Rhysand


Mal passara das nove da manhã e Cassian já estava irritado.
O aquoso sol de inverno tentou, sem sucesso, sangrar entre as nuvens que
pairavam acima das montanhas Illyrianas enquanto o vento soava como um
estrondo sobre os picos cinza. Já havia uma camada de centímetros de neve
cobrindo o acampamento lotado, uma visão do que em breve recairia sobre
Velaris.
Estava nevando quando saí, ao alvorecer — talvez uma boa camada de
gelo já aguardasse no chão o meu retorno.
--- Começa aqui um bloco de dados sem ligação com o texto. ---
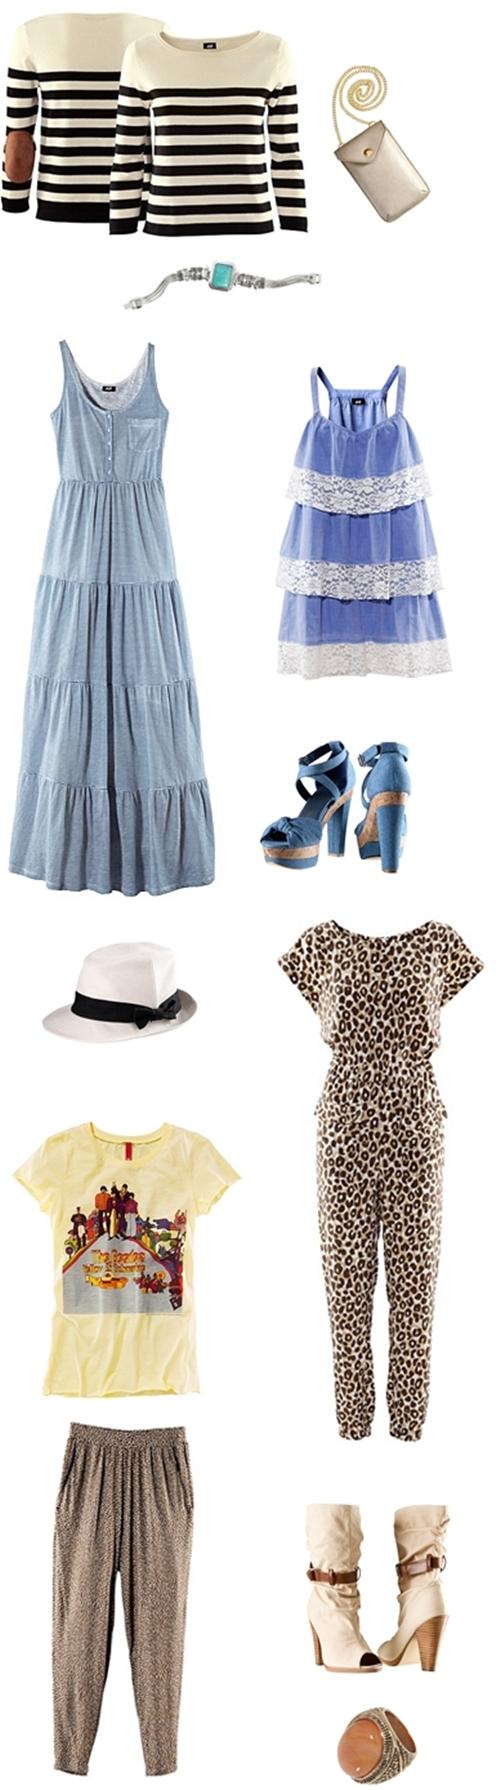 H&M spring, H&M forår, lyseblå maxikjole, leopard dragt, hvid hat, white hat, hm forår 2011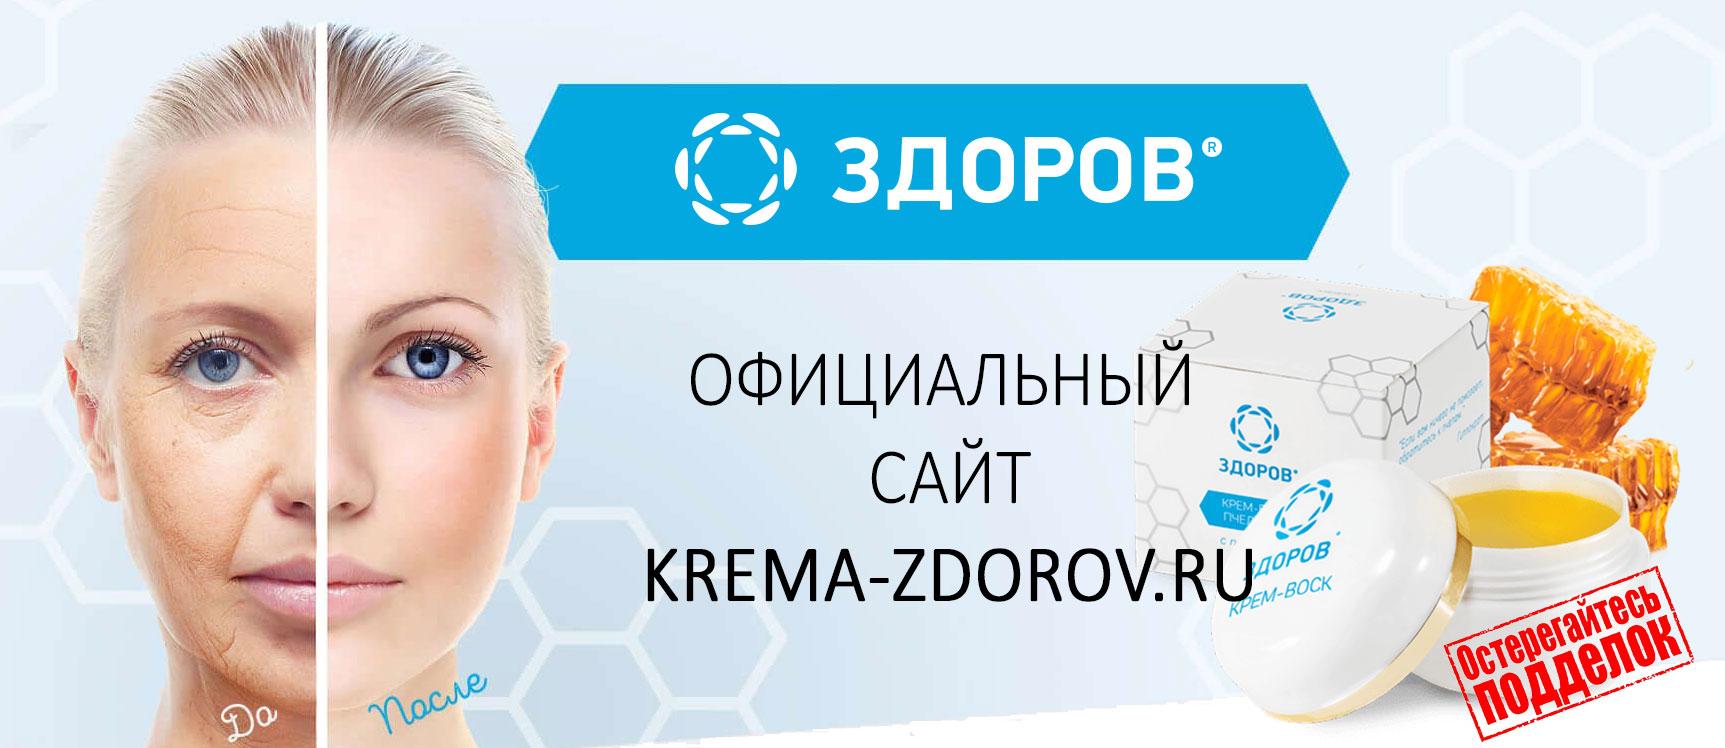 Купить крем-воск ЗДОРОВ для лица на официальном сайте

Eu não tive a chance de perguntar
a Feyre durante nossa breve conversa pelo laço minutos antes, mas talvez ela
saísse para caminhar comigo. E me deixasse mostrar como a Cidade da Luz
Estelar brilhava sob neve fresca.
De fato, minha parceira e minha cidade pareciam estar a um mundo de
distância das atividades no acampamento Refúgio do Vento, aninhado em um
alto desfiladeiro montanhoso. Mesmo o vento frio que soprava entre os picos,
traindo o próprio nome do acampamento ao levantar leques de neve, não
impedia os illyrianos de executar suas tarefas diárias.
Os guerreiros deviam treinar nos diversos ringues que se abriam para uma
queda livre até o pequeno leito do vale abaixo; aqueles que não estavam
presentes tinham saído para patrulhar os entornos. Os machos que não tinham
conseguido passar na seleção para guerreiro deviam cuidar dos diversos

comércios, assumindo papéis de mercadores ou ferreiros ou sapateiros. Para
as fêmeas, restava o trabalho inferior.
Elas não enxergavam dessa forma. Nenhuma delas. Mas as tarefas
requeridas, independentemente das feéricas serem velhas ou jovens,
permaneciam as mesmas: cozinhar, limpar, cuidar das crianças, fazer roupas,
lavá-las... Havia honra em tais tarefas — era possível encontrar orgulho e
bom trabalho nelas. Mas não quando era esperado que todas as fêmeas ali
fizessem isso. E se fugissem desses deveres, qualquer uma das meia dúzia de
damas de acampamento ou quaisquer que fossem os machos que
controlassem a vida delas as puniriam.
E, assim, havia sido desde que conheci esse lugar, com o povo de minha
mãe. O mundo tinha renascido durante os meses de guerra, a muralha fora
explodida em nada e, no entanto, algumas coisas não mudavam.
Principalmente ali, onde a mudança era mais lenta do que as geleiras
derretendo por entre aquelas montanhas. Tradições que remontavam a
milhares de anos, deixadas praticamente inalteradas.
Até nós. Até agora.
Desviando minha atenção do acampamento agitado fora do limite dos
ringues de treino demarcados com giz, estampei uma expressão neutra
conforme Cassian enfrentava Devlon.
— As meninas estão ocupadas com as preparações para o Solstício —
dizia o senhor do acampamento, com os braços cruzados sobre o peito
inflado. — As esposas precisam de toda ajuda que puderem obter para tudo
ficar pronto a tempo. Elas podem praticar na próxima semana.
Eu tinha perdido a conta de quantas variações dessa mesma conversa
tínhamos tido durante as décadas em que Cassian insistira no assunto com
Devlon.
O vento açoitou os cabelos pretos de Cassian, mas o rosto do feérico
permaneceu rígido como granito quando ele se dirigiu ao guerreiro que
relutantemente nos treinara.
— As meninas podem ajudar as mães depois do treino. Diminuiremos o
exercício para duas horas. O resto do dia será o suficiente para auxiliar com
os preparativos.
Devlon desviou os olhos avelã para onde eu estava, a alguns metros de
distância.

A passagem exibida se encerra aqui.